Предположения ее оказались правильными: исправный кредитор оказался весьма неисправным плательщиком: за ним числилось немало чужого имущества. Она настояла на том, чтобы кредитору предложили вернуть оборудование института, после чего он получит свой прибор.
Быков так и не узнал, почему вдруг прекратились претензии университета на газообменный аппарат…
— Вы отдали прибор? — спросил как-то ученый сотрудницу.
— Нет, — спокойно ответила она.
— Хорошо сделали, — сказал он, — хорошо!
Случалось, что девушку вдруг покидала ее деловитая строгость. Она становилась любезной и мягкой и даже подолгу могла болтать. Никто не узнавал в ней прежнюю ассистентку — молчаливую, сдержанную и непримиримую. Удивительно, что это происходило, когда дела и заботы особенно донимали ее и возбужденная мысль стояла перед трудной задачей. Оказывается, что так ей легче обдумать будущий опыт, принять решение, с чего начинать. Странная способность под покровом покоя домогаться победы в тяжелой борьбе! Пройдет некоторое время, состояние беззаботности минует, и она станет прежней, дела и заботы пойдут своим чередом.
Маленькую ассистентку, обремененную множеством дел, можно нередко встретить у Быкова. В кабинете у него всегда много людей, он до крайности занят, и ей приходится подолгу его ждать. Особенно могут затянуться его разговоры с другими, когда встреча с помощницей ничего хорошего ему не сулит. Она имеет основания быть им недовольной: ученый обещал явиться на опыт и не пришел, обещал что-то выяснить и забыл… Он угадывал ее настроение по сдержанным движениям, сгорбившейся фигурке и низко опущенным глазам, но, пока в кабинете остается хоть кто-нибудь, кроме него, она будет терпеливо молчать.

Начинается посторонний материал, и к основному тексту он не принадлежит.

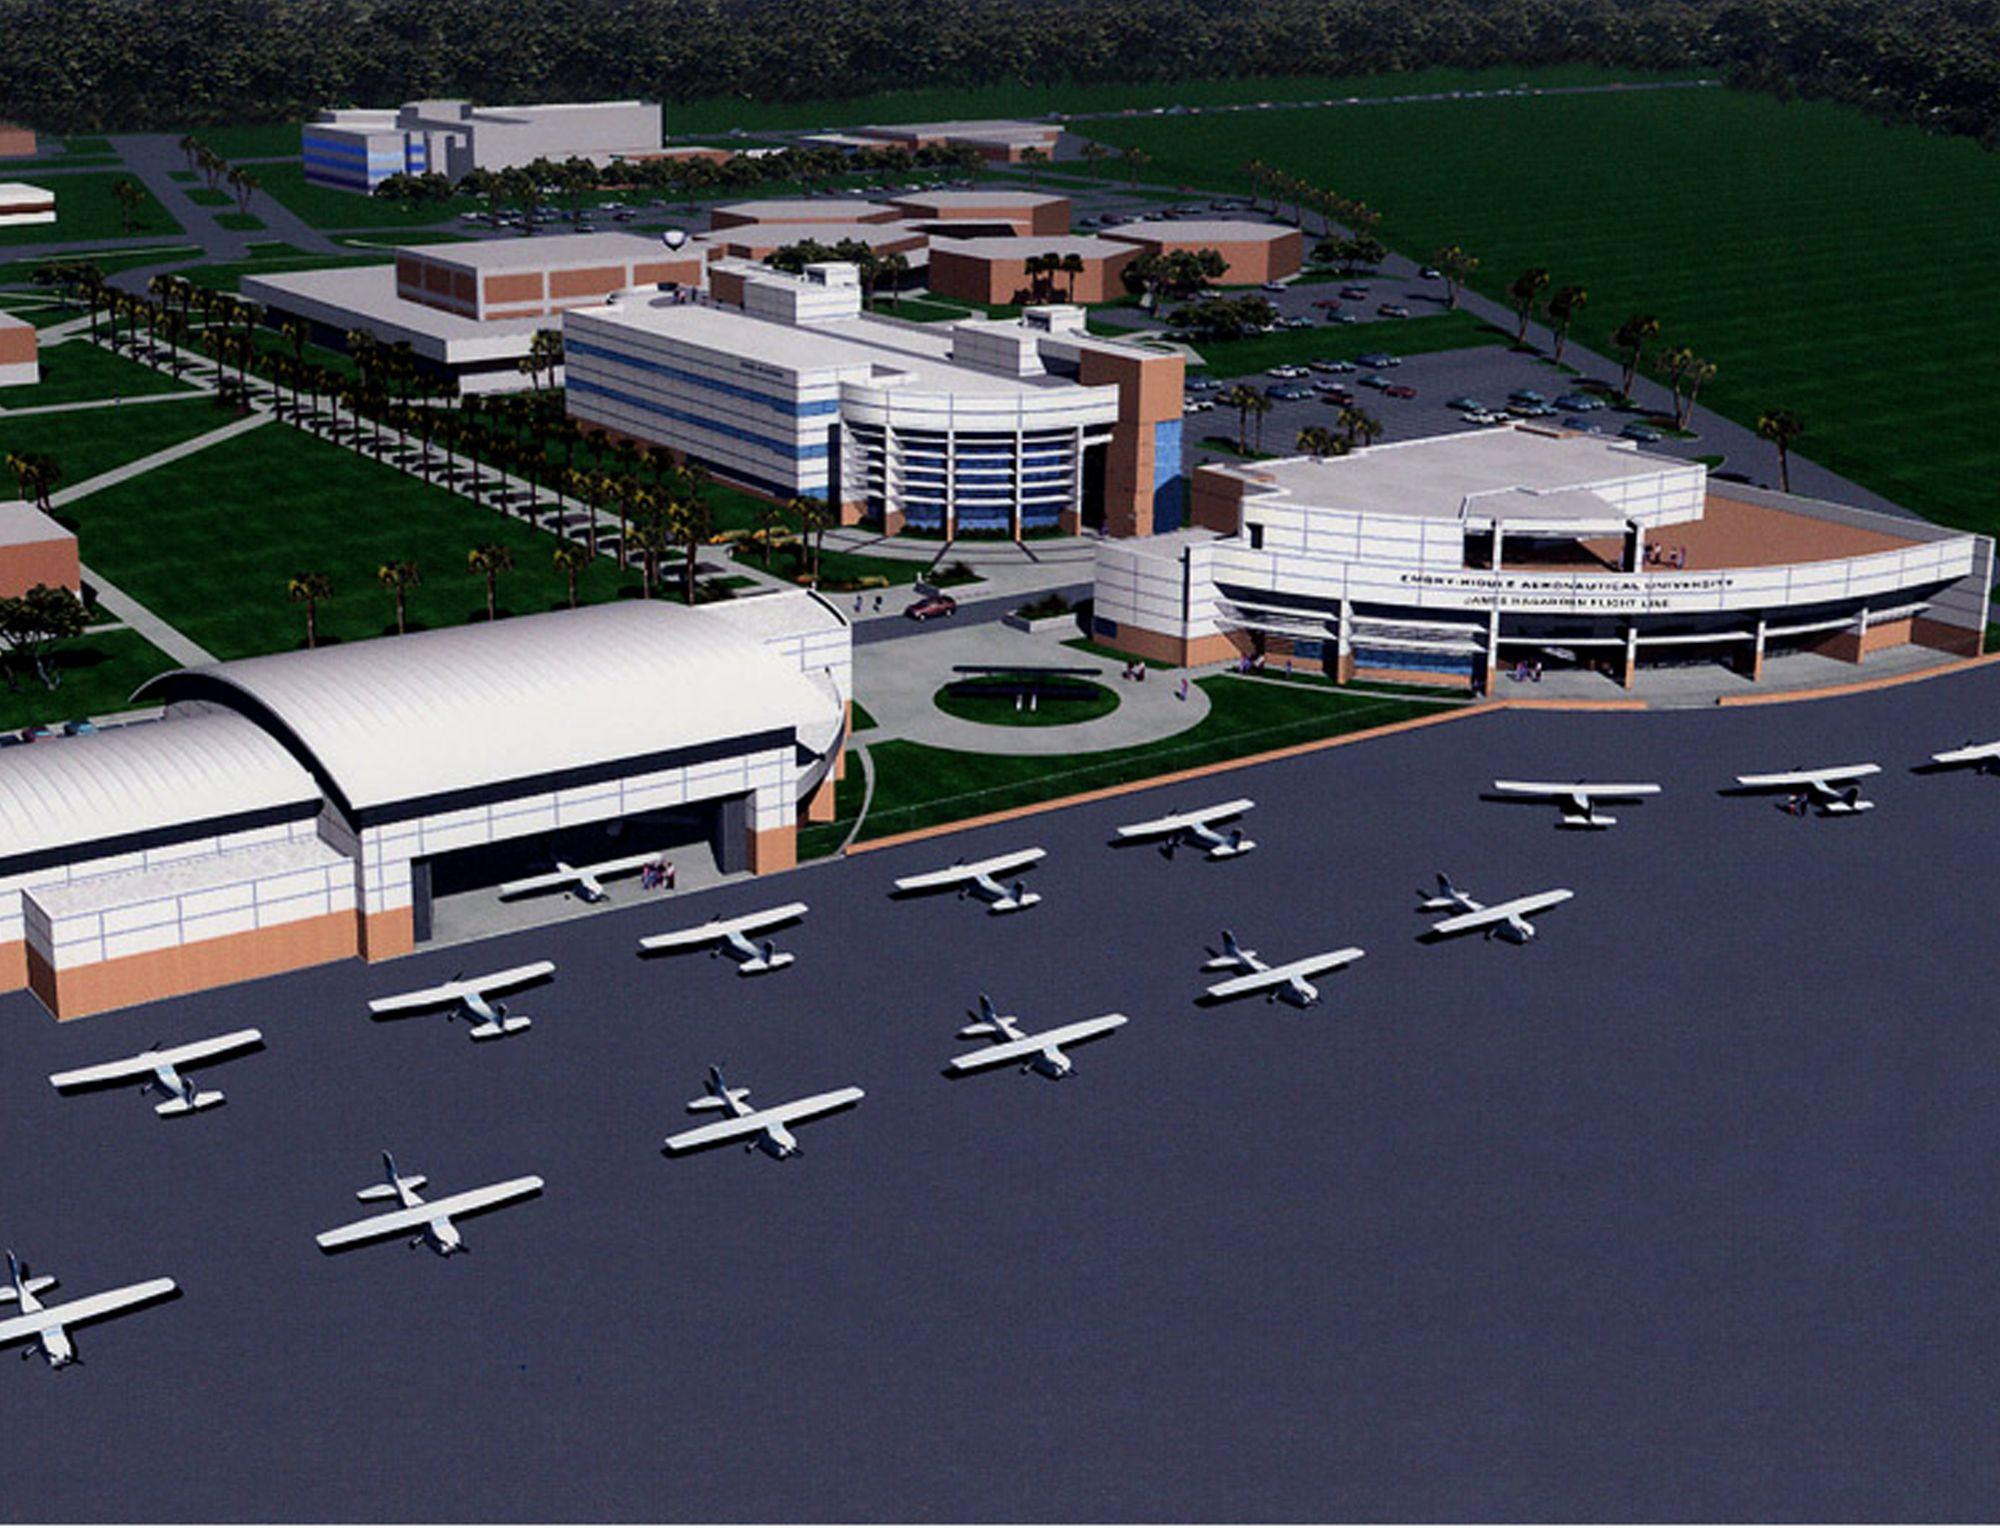 Embry Riddle Aeronautical University Daytona Beach Fl

Бывает и так — профессор, завидев помощницу, оставляет все дела, чтобы расспросить:
— Что у вас нового? Добились чего-нибудь? Расскажите.
Кабинет его рядом с ее лабораторией, он знает все, что творится у нее, но она умеет с увлечением рассказывать, и ему просто приятно послушать ее.
Годы мало изменили ассистентку, не изменили они и Быкова. По-прежнему обширен круг его интересов, по-прежнему тесно ему в лаборатории. Он любит многое другое и не менее страстно. Его волнует коллекция ex libris, новый экспонат в обширном альбоме, оригинальное измышление библиофила, театр и музыка, выставка живописи. Случается, что Быков оставляет замечательный опыт, не доводит его до конца и спешил к букинисту порыться в книгах, купить уникум, украшенный редким автографом. Быкова знают коллекционеры и скупщики картин, они не раз убеждались, что он за деньгами не постоит, отдаст последнее за сущую безделицу.